Leopardy dla Ukrainy. Potrzebna zgoda Niemiec

Prezydent Zełenski napisał na Twitterze, że podczas spotkania z Rishi Sunakiem podziękował mu za decyzję "które nie tylko wzmocnią nas na polu walki, ale będą też właściwym sygnałem dla innych partnerów". 

To sygnał przede wszystkim dla Niemców. W całej Europie znajduje się ok. 2 tys. czołgów Leopard 2 w 13 krajach.
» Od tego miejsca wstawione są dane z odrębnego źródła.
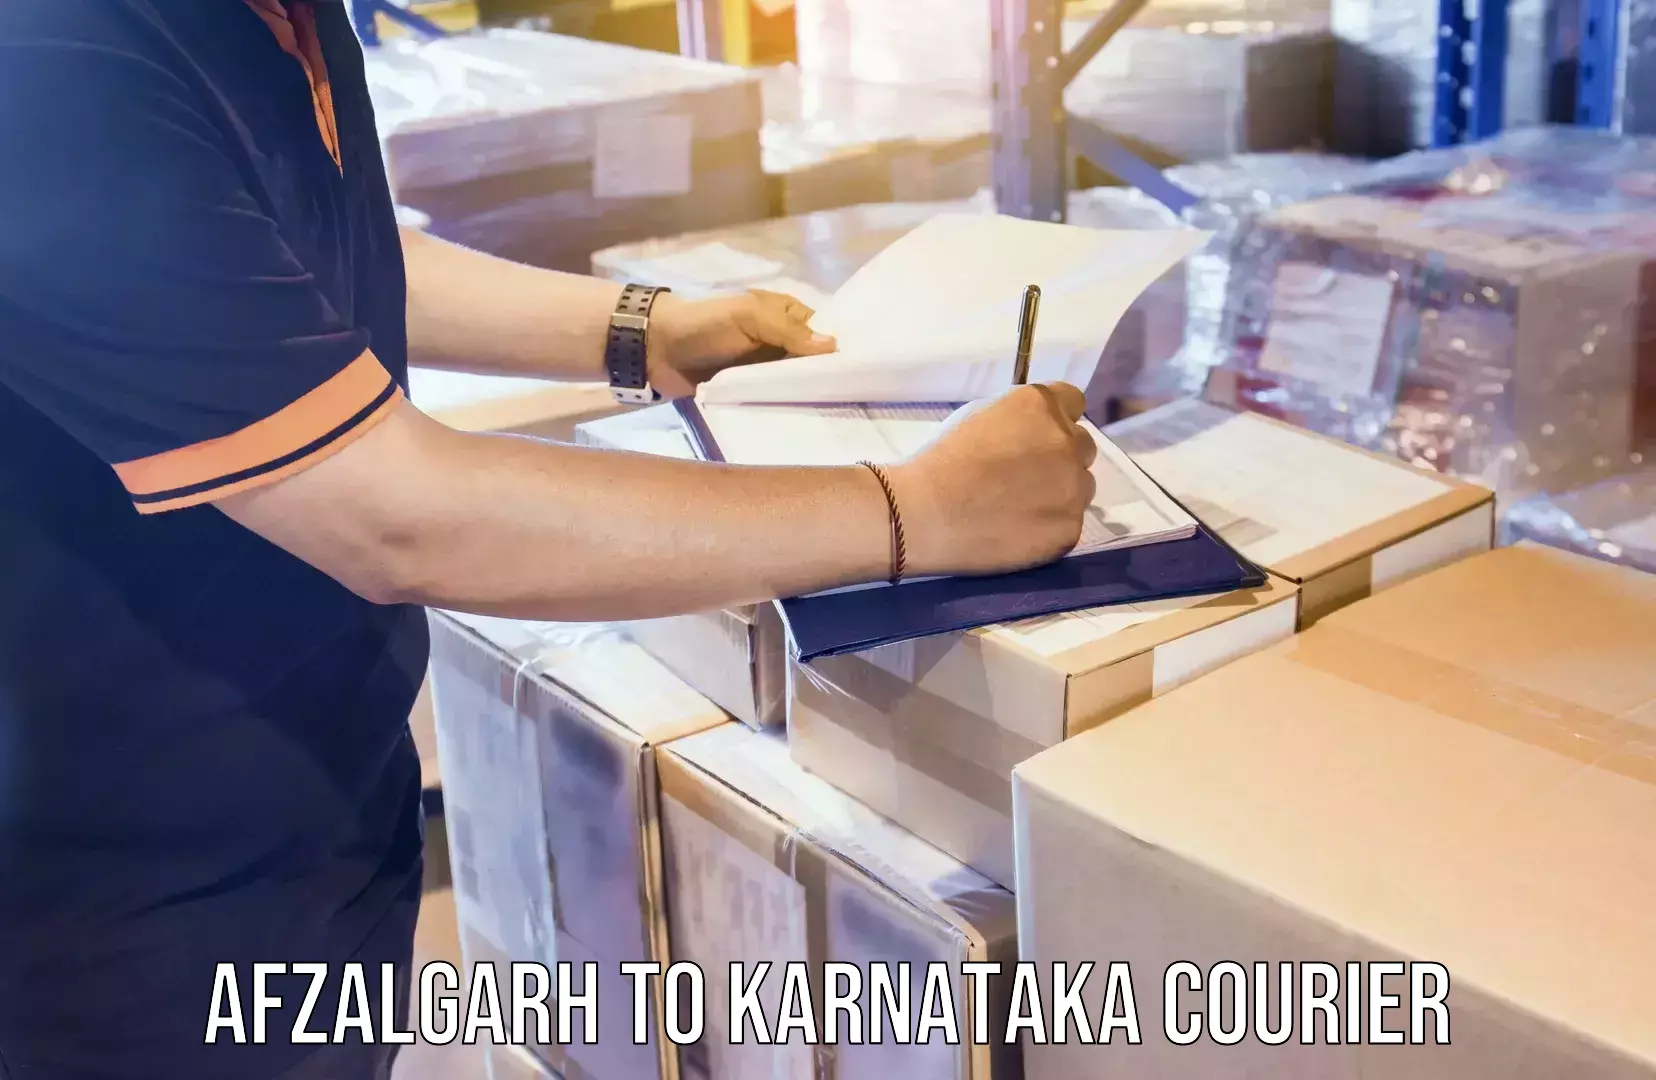 Courier service innovation Afzalgarh to Karnataka

Choć Polska wyraziła chęć przekazania ich Ukrainie, to nie może tego zrobić bez zgody strony niemieckiej, która wyprodukowała sprzęt. Inne państwa również muszą otrzymać zgodę naszych zachodnich sąsiadów. 

Niemieckie media: "Wahania SPD utwierdzają rosyjski reżim w poczuciu bezkarności"
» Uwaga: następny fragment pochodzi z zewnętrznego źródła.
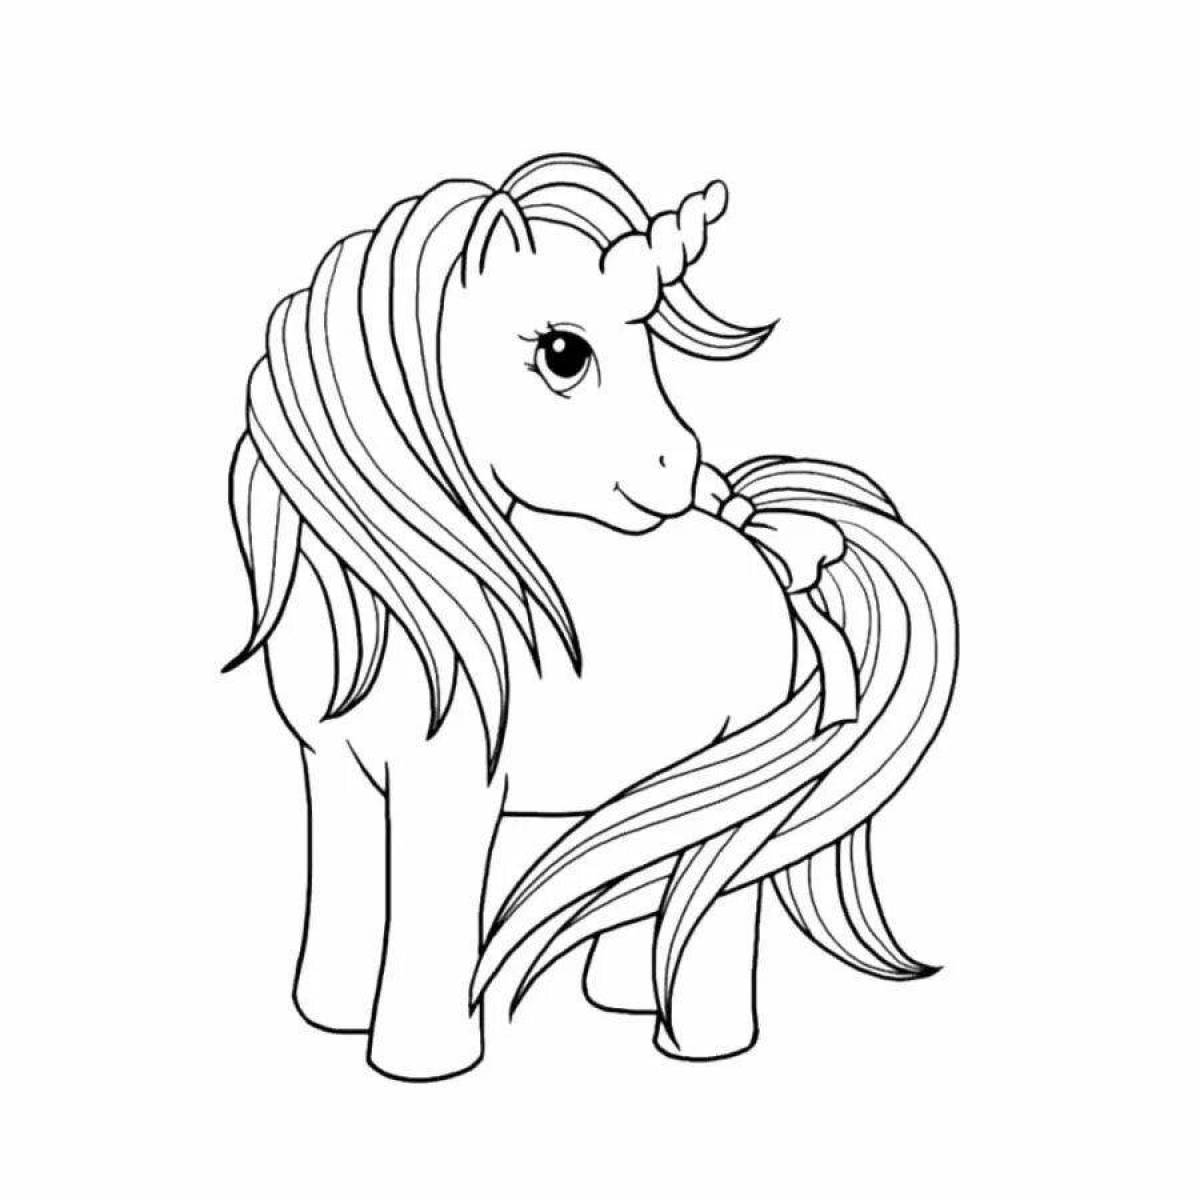 Attractive coloring page include unicorns

Pomysł prezydenta Andrzeja Dudy wywołał za Odrą mieszane reakcje. Bawarski dziennik "Münchner Merkur" utrzymuje, że kanclerz Olaf Scholz nadal nie chce narażać na szwank swojego wizerunku "pacyfisty". "Wahania SPD w sprawie dostarczenia Ukrainie Leopardów szkodzą głównie Ukrainie, gdyż utwierdzają rosyjski reżim w poczuciu bezkarności i przedłużają wojnę" - czytamy.

W podobnym tonie komentuje sprawę "Frankfurter Allgemeine Zeitung". "Putin będzie eskalował sytuację tak długo, jak pozwalamy mu snuć mrzonki o wielkorosyjskim mocarstwie. Przestanie wtedy, gdy uzna, że aneksja większych połaci ziemi jest niemożliwa. Ukraina musi otrzymać te czołgi" - napisał dziennik.

Inne media uważają, że dostarczenie Ukrainie Leopardów bez zgody Olafa Scholza byłoby "bezprecedensowym afrontem". Dziennik "Die Welt" przypomniał o nieużyteczności niektórych czołgów, dodając, że Warszawa i tak nie wymusi na Berlinie decyzji, które zależą od konsultacji z USA. Wczoraj jednak wicekanclerz Niemiec Robert Habeck zapewnił, że Polacy mają w tej sprawie zielone światło.

Kolejne decyzje, dotyczące dalszego wsparcia militarnego dla Kijowa, mogą zapaść 20 stycznia podczas spotkania Grupy Kontaktowej do spraw Obronności Ukrainy w niemieckim Ramstein.